This award is funded under the American Recovery and Reinvestment Act of 2009 (Public Law 111-5).
Intellectual Merit. High throughput sequencing that allows human genetics to access rare variation "Next Generation" sequencing is transforming human genetics: several disruptive technologies are coming of age and now enable resequencing throughput of megabases per dollar. Specifically, thousands of individuals can now be sequenced for targeted regions of the genome, in pools of individuals. The complete spectrum of common and rare alleles thus revealed is a key resource for understanding origins, genomics, and heritable traits of our species. Naïve tests of association of a heritable trait to a common variant are inappropriate for analysis of rare gene variants, since the contribution of each such rare variant to the trait is often statistically undetectable. The hope for finding an associated gene therefore lies in accumulating association signal across multiple functional variants. The problem of multiple-variant association is complicated by background correlations between nearby variants.This proposal tackles two challenges:
1.Initial task: Recovery of individual identity of mutation carriers from pooled sequencing data
2.Main task: Using individual-level mutation data for scoring of association to multiple variants in a locus
Proposed solution: Bayesian scoring, decomposable by individual and by variant. This proposal involves design of overlapping pools for recovering mutation carrier identity. Each individual will be sequenced in a unique combination of pools. Mutations observed in such a set of pools will be inferred to be carried by the corresponding individual, addressing the initial task. This proposal tackles the main task by Bayesian scoring for genomic intervals containing functional variants. Comparative genomics is used to guide a prior distribution for whether a sequenced variant is likely to be functional. The association score is further decomposed to contributions of each sample and each site, with Markovian dependency between such contributions along the genome. A dynamic-program is proposed for optimizing the causal locus boundaries.

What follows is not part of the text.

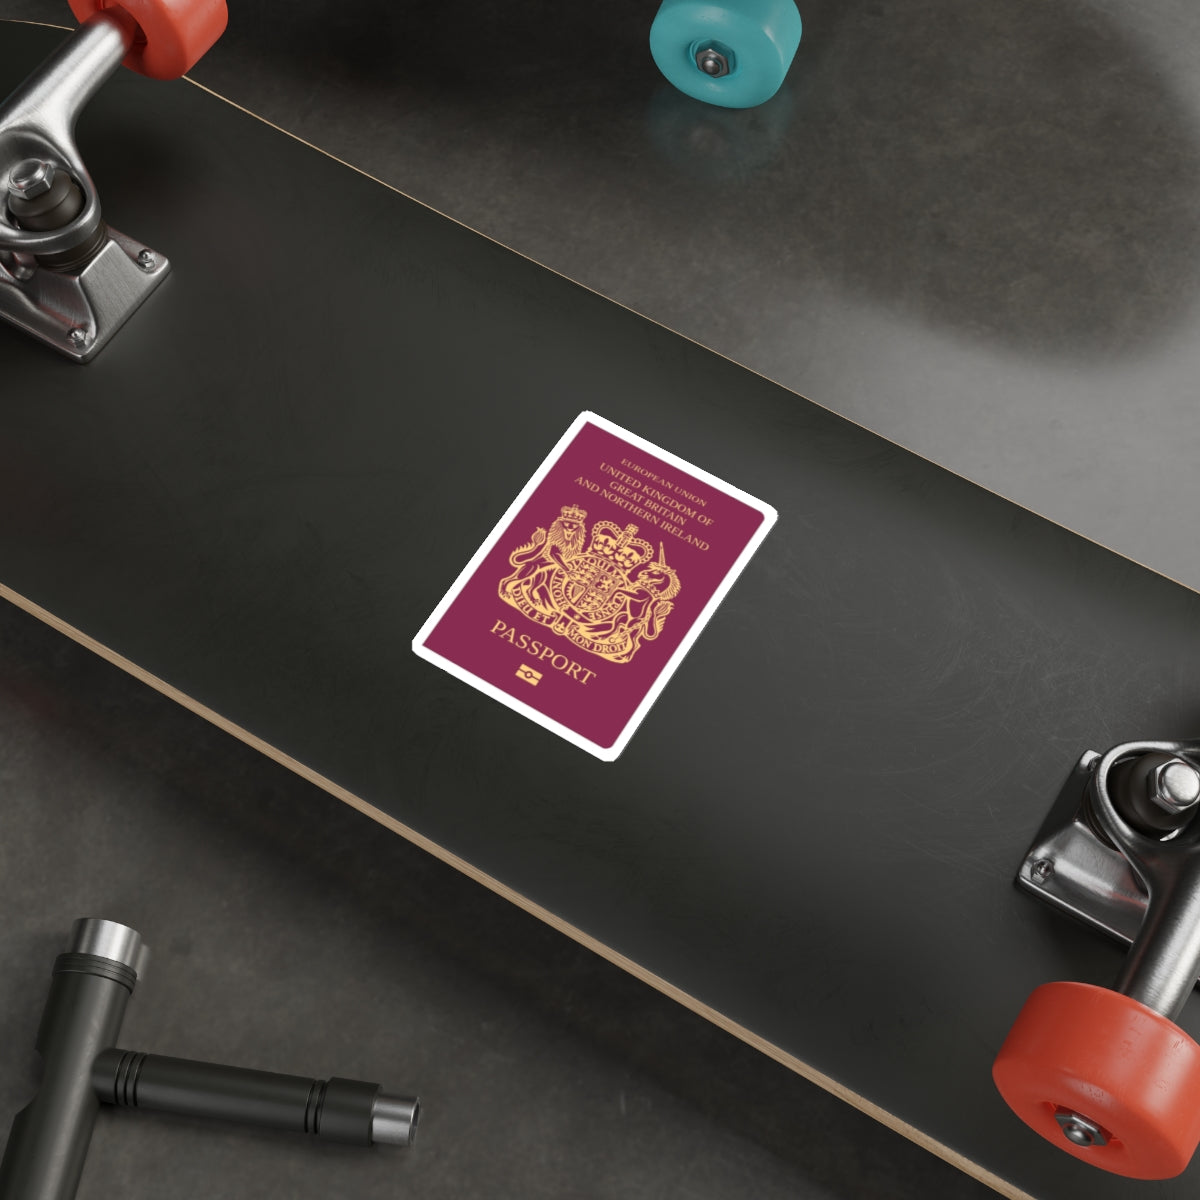 British Passport STICKER Vinyl Die-Cut Decal-The Sticker Space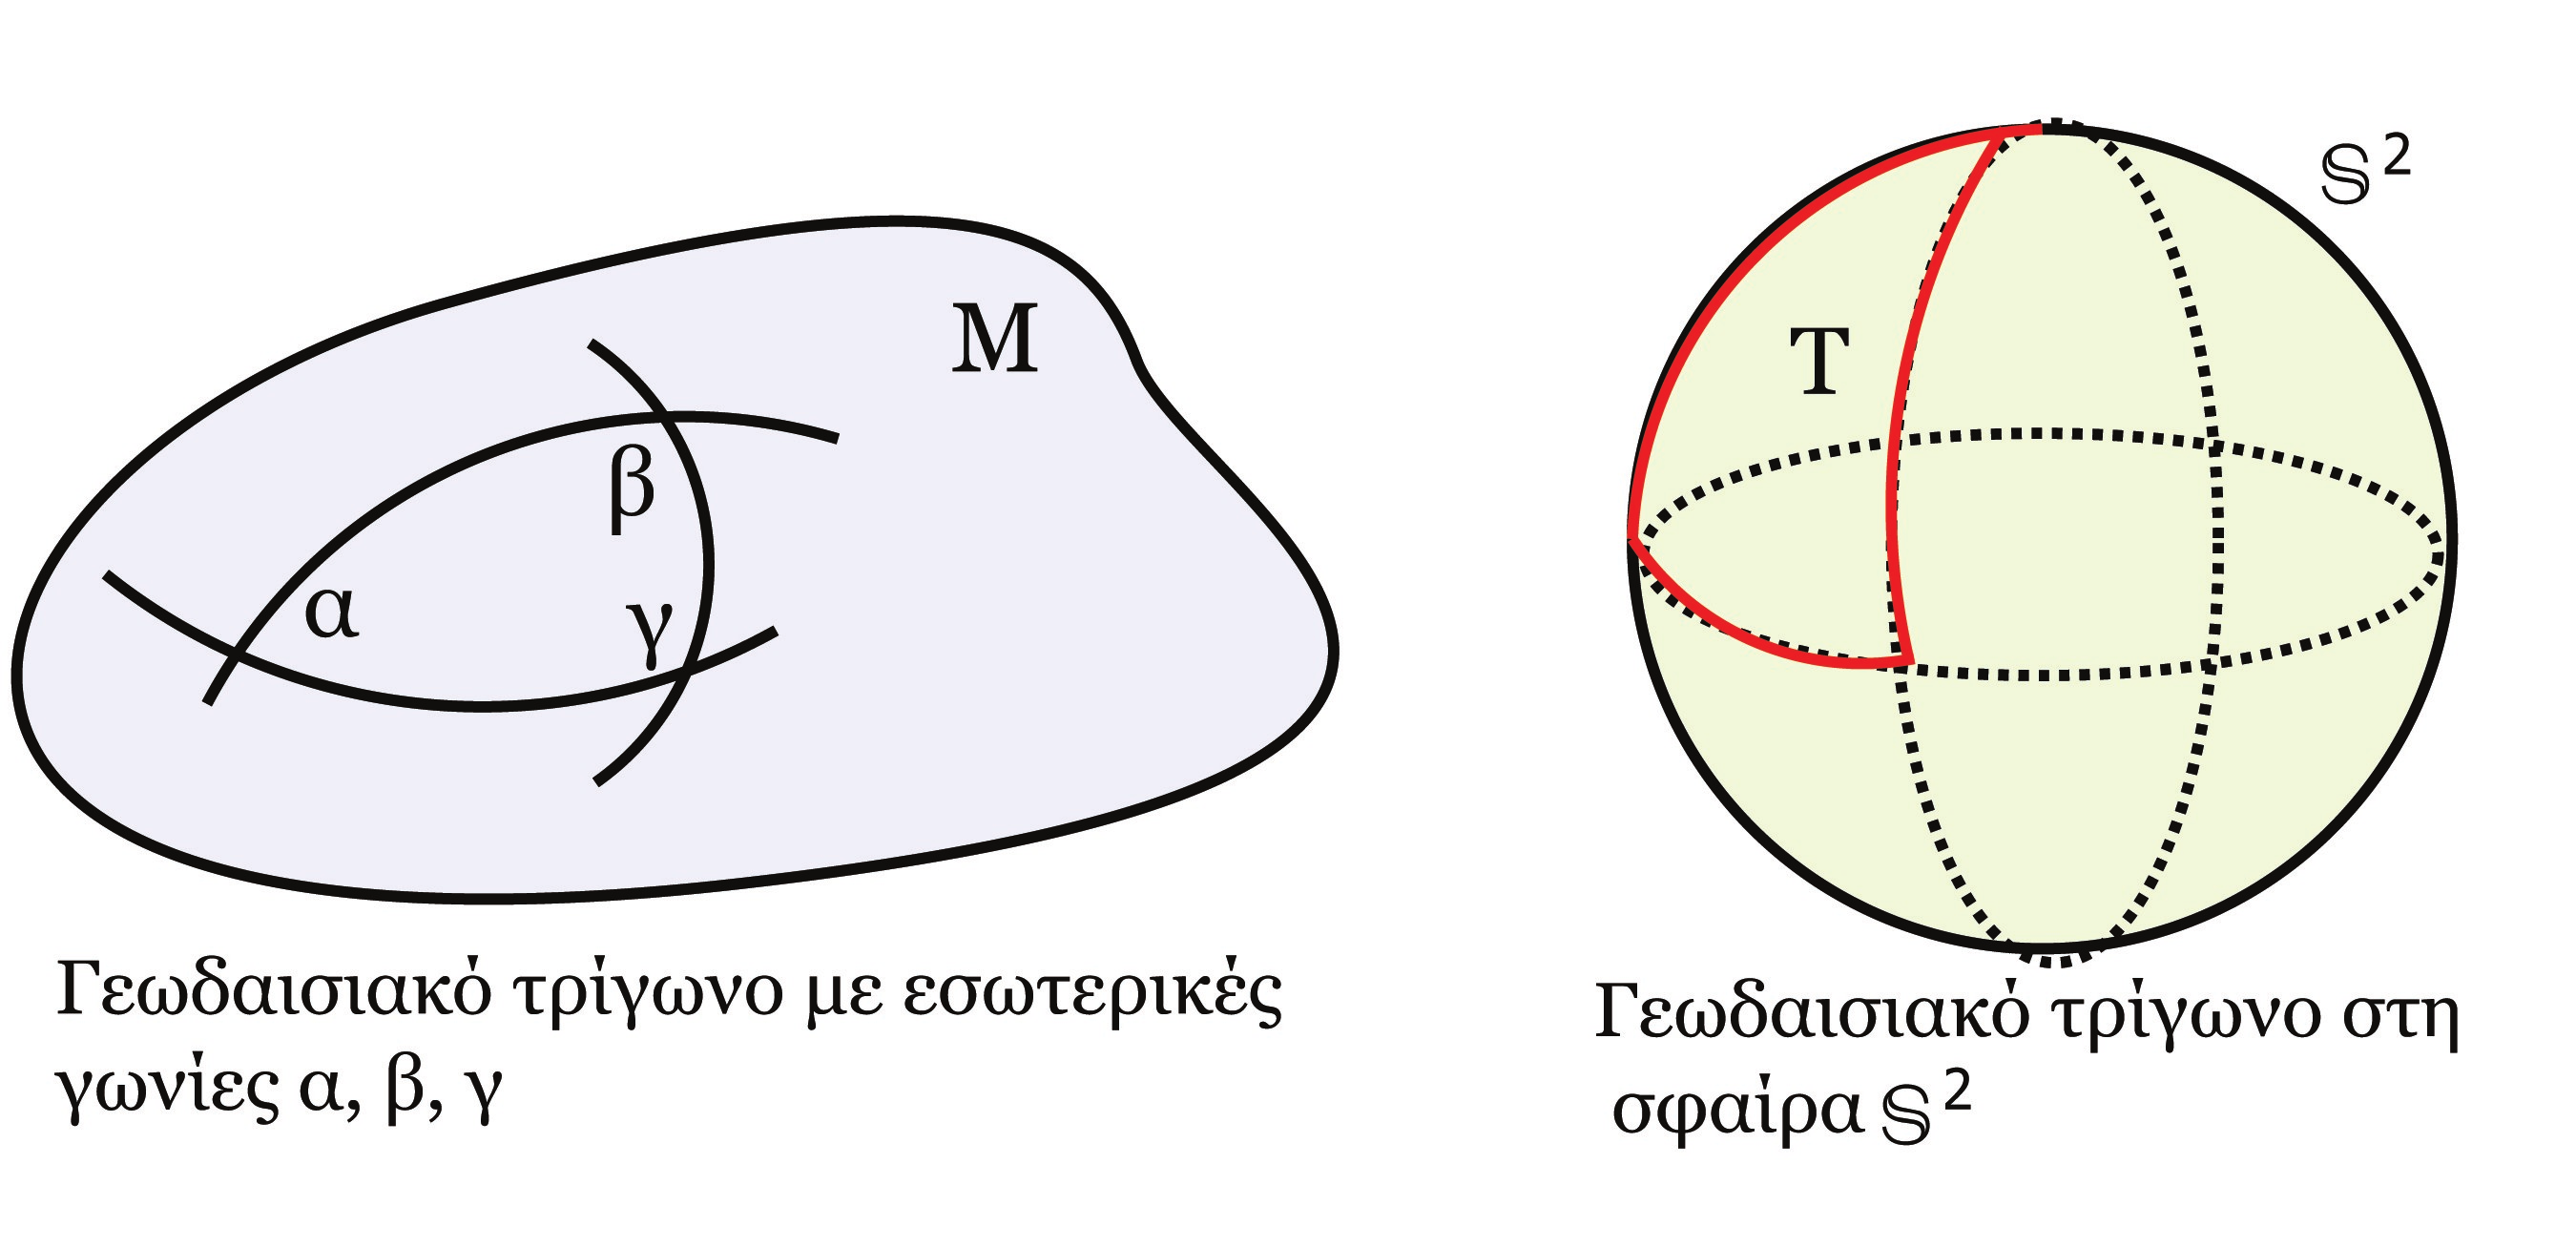 184 Το Θεώρημα Gauss-Bonnet της μορφής M fda, όπου da το στοιχειώδες εμβαδό στο U.

Broad Impact. The outcomes of the project would facilitate new paradigms in genetic research, alongside the recently launched high throughput experimental technologies. Specifically, projected impacts include:
- software tools and tailored interfaces to be disseminated to the reseaerch community. - Education for undergraduates by project courses implementing proposed research tasks and for K-12 students by curriculum development and delivery to high-school diversity students - allowing a generation to have widespread access to their individual DNA.